This morning we received a phishing mail containing a QR code. The mail caught our attention because it bypassed our spam filter and came straight into our inbox. Also, our company name “Zolder” was mentioned multiple times in the phishing mail, which indicates a more targeted campaign, although probably still highly automated.
Last year Zolder was active as an exhibitor at multiple security expo’s. As an attendant our contactinfo was stored in organizer’s platforms for instance offering networking possibilities amongst attendees. This also led to a lot of annoying spam. Mostly it involves unsolicited sales spam, but this e-mail today goes a bit further.
A screenshot of the phishing mail we received:
After scanning the QR-code and visiting the website link it redirects to, we noticed something interesting. We were redirected via the https://email.internationalsecurityexpo.com domain. This is a legit mailserver of some security expo we never attended, which in itself again caught our attention.
We found out that the mailserver of International Security Expo is vulnerable to a open-redirect. Meaning someone is able to craft a special URL which starts with the legit domain – and looks trustworthy that way – but then automatically redirects the visitor to another URL, by choice of the perpetrator. And in this case, this vulnerability is abused by the attackers, in order to redirect the victims to the URL gencellportal [dot] com.

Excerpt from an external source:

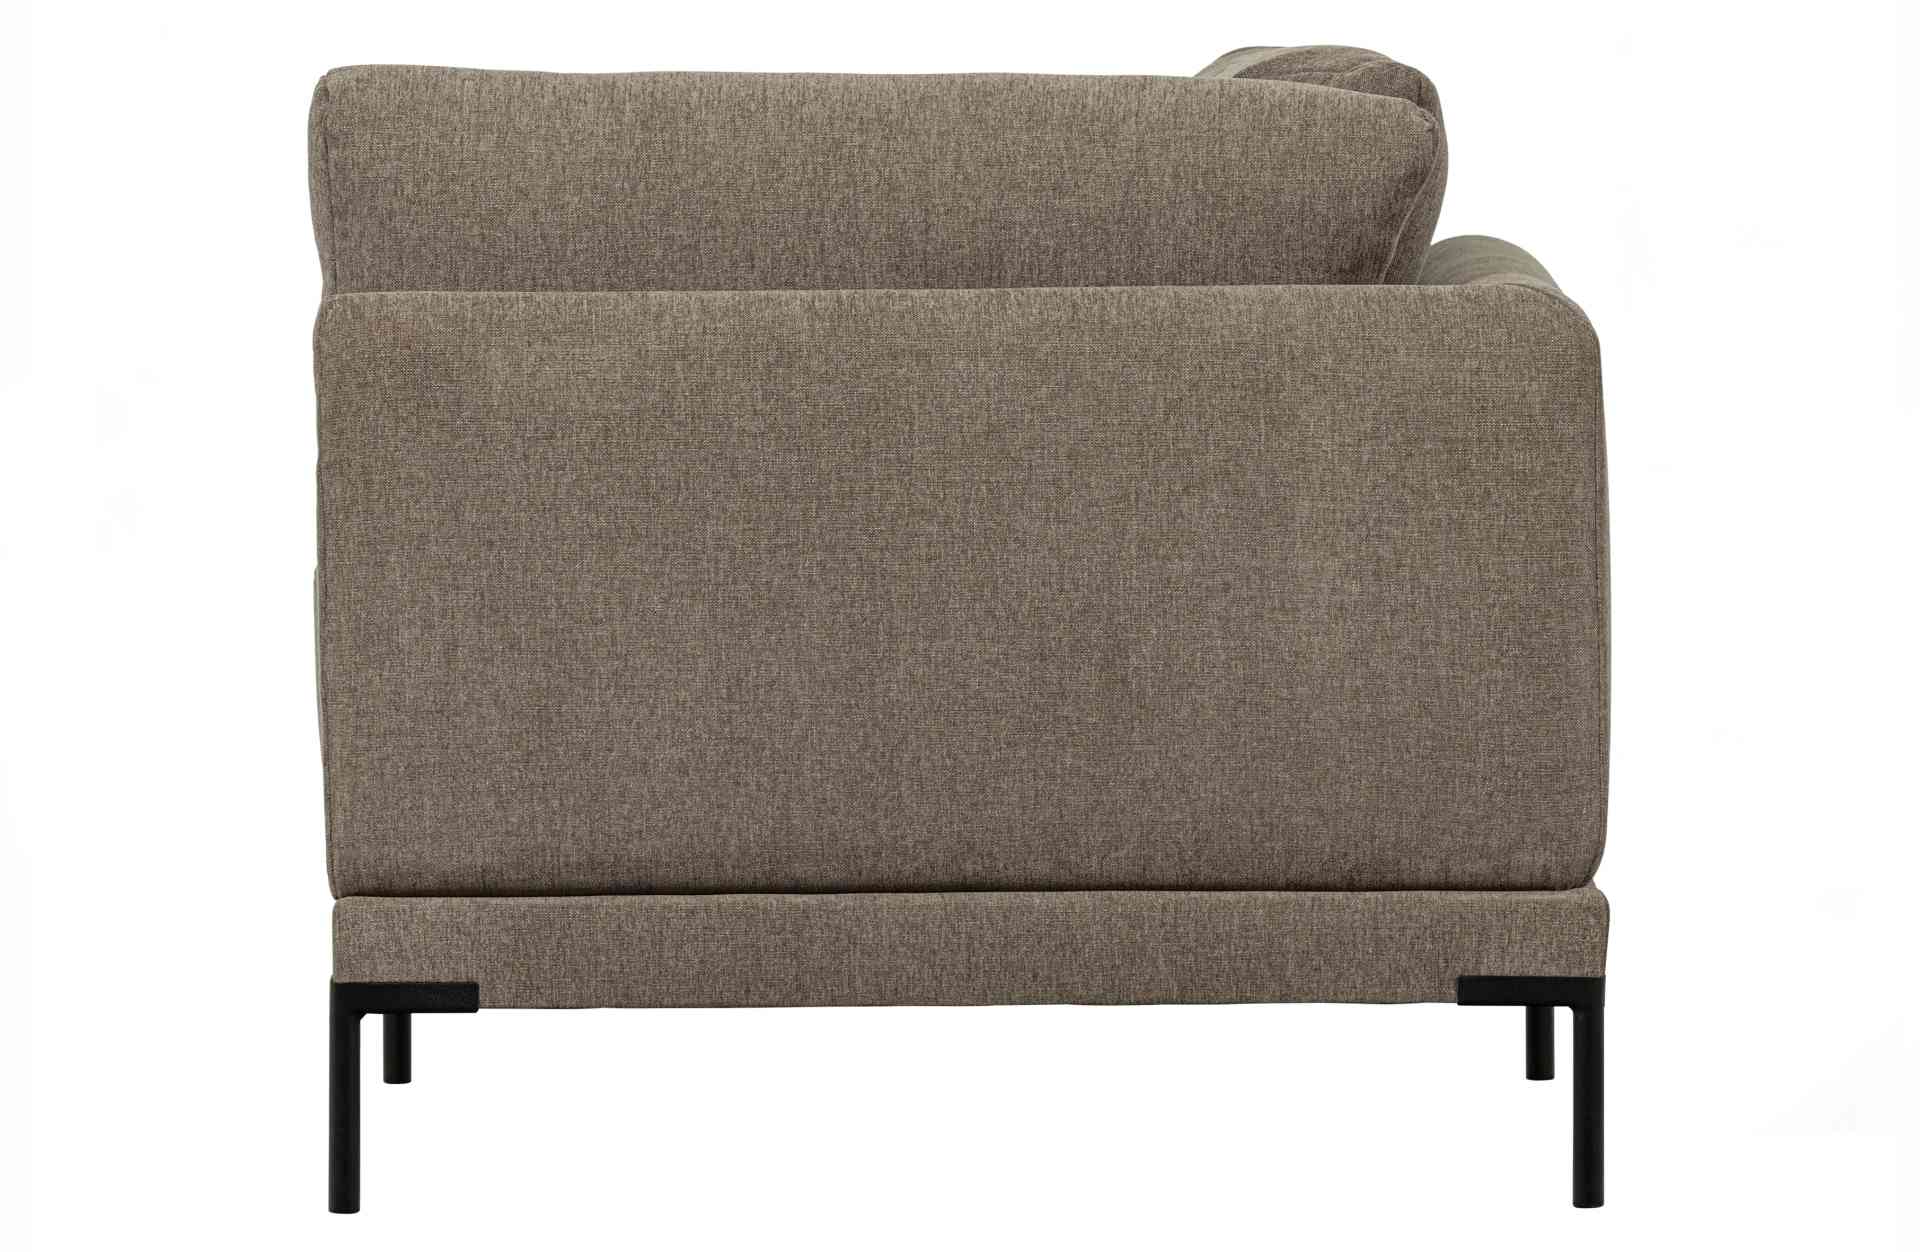 Das Modulsofa Couple Lounge überzeugt mit seinem modernen Design. Das Eck-Element wurde aus Melange Stoff gefertigt, welcher einen einen Taupe Farbton besitzen. Das Gestell ist aus Metall und hat eine schwarze Farbe. Das Element hat eine Länge von 100 cm 
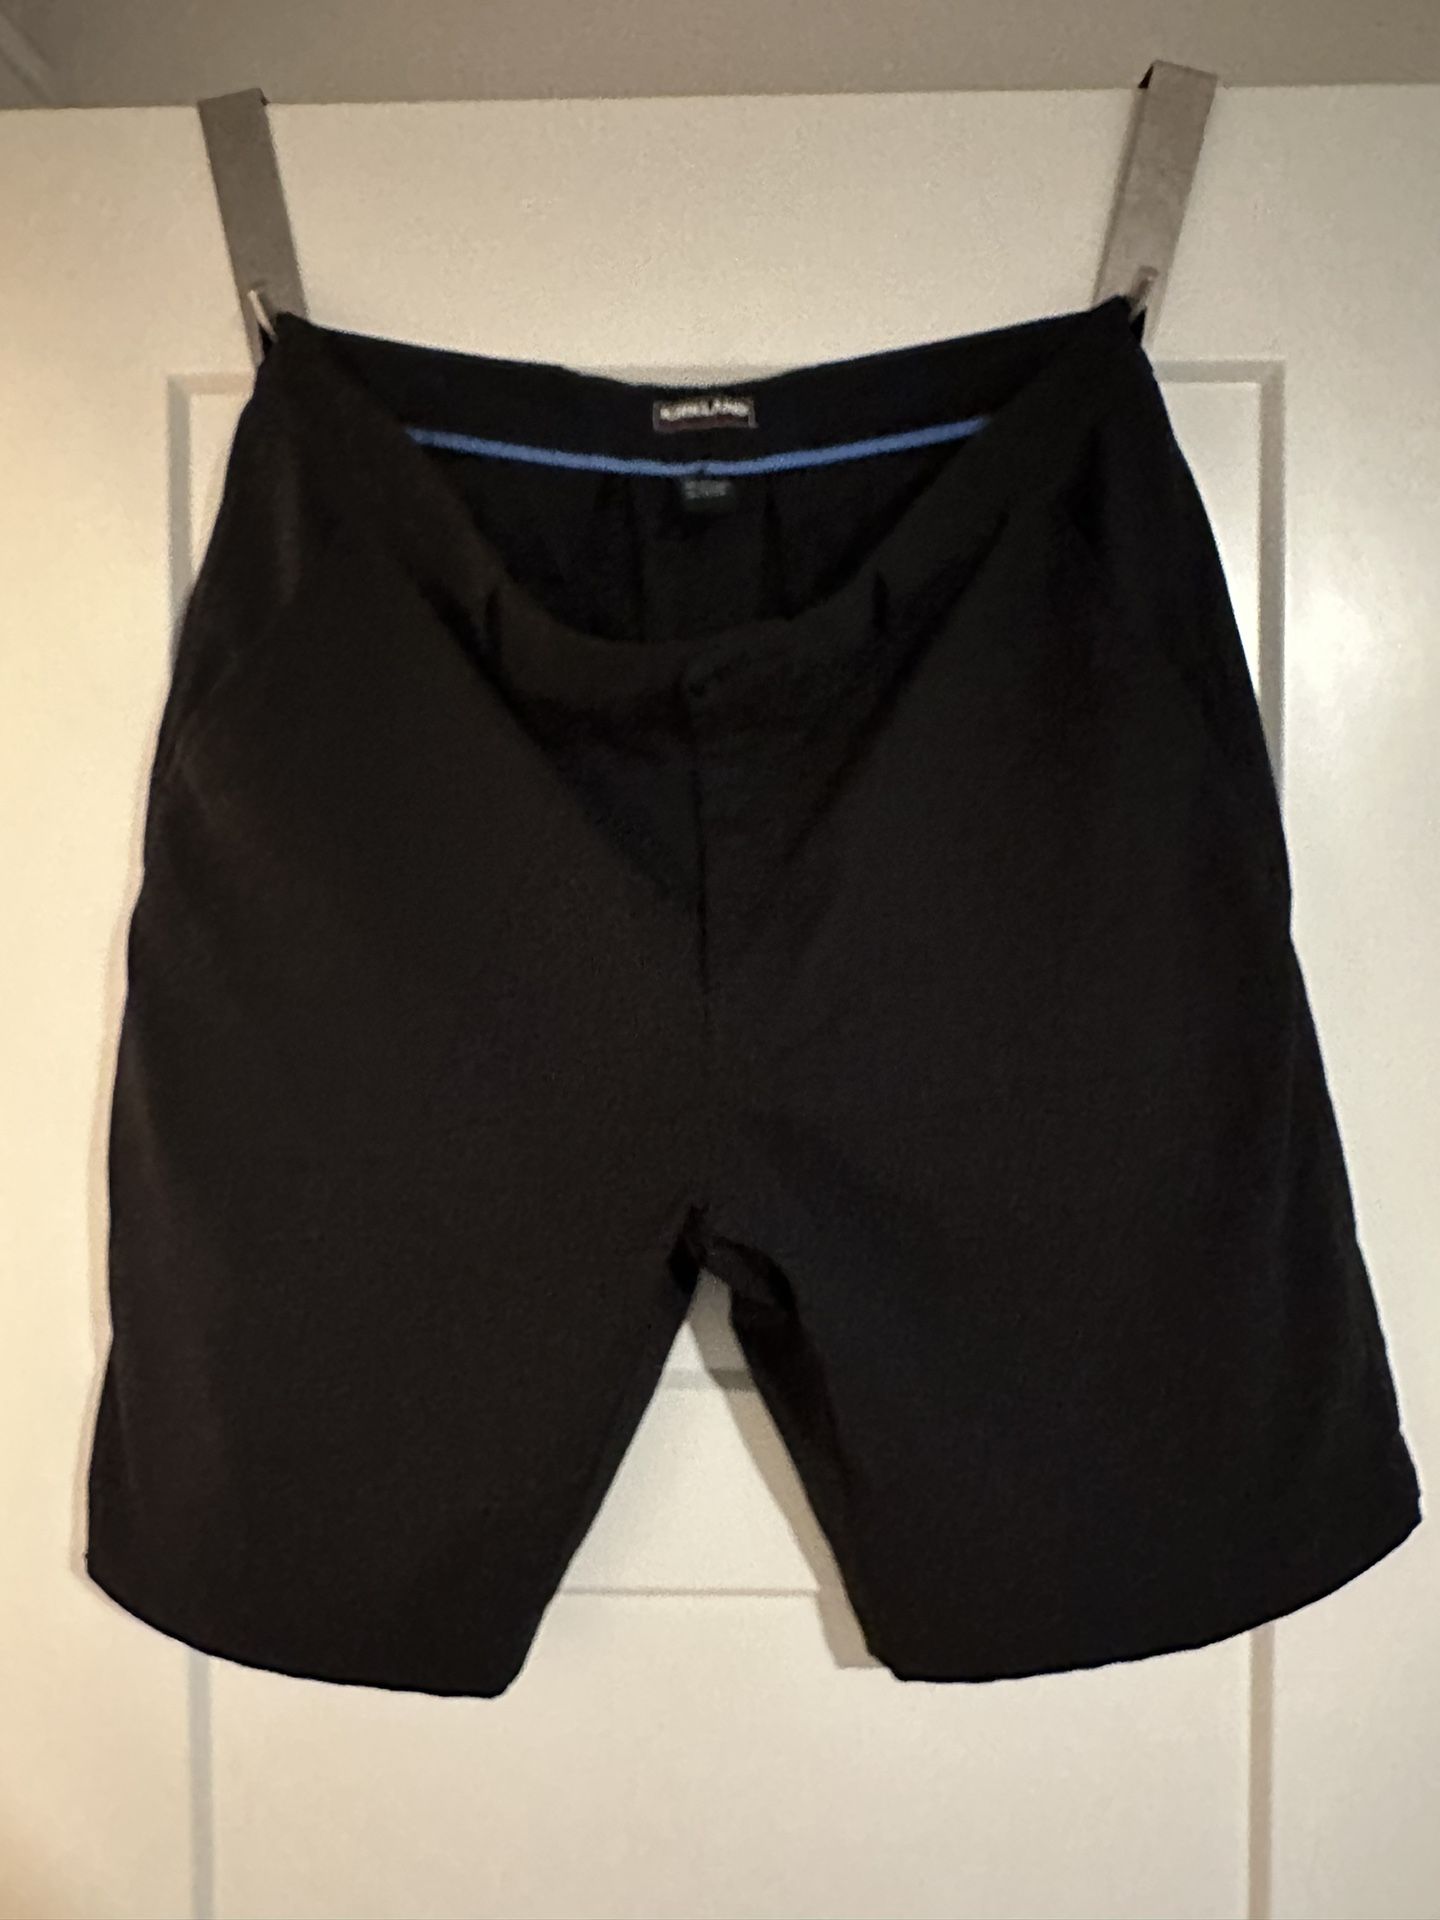 Kirkland Size 36 Black Golf Shorts

This URL, again performs a redirect. This time it redirects to 7x01su43kpv8bci [dot] jfh31pv0ed [dot] ru domain. This page presents a Microsoft login page, including our company branding. The same company branding we have on our real Microsoft tenant.
Microsoft classifies the malicious domains to the Storm-1575 group, providing a Phishing-as-a-Service Platform. Their platform offers adversary-in-the-middle (AiTM) capabilities. This means that the attackers are proxying all the requests between the victim and Microsoft. A successful attack results in complete take over of the victims account, even if Multi-factor Authentication (MFA) is enabled.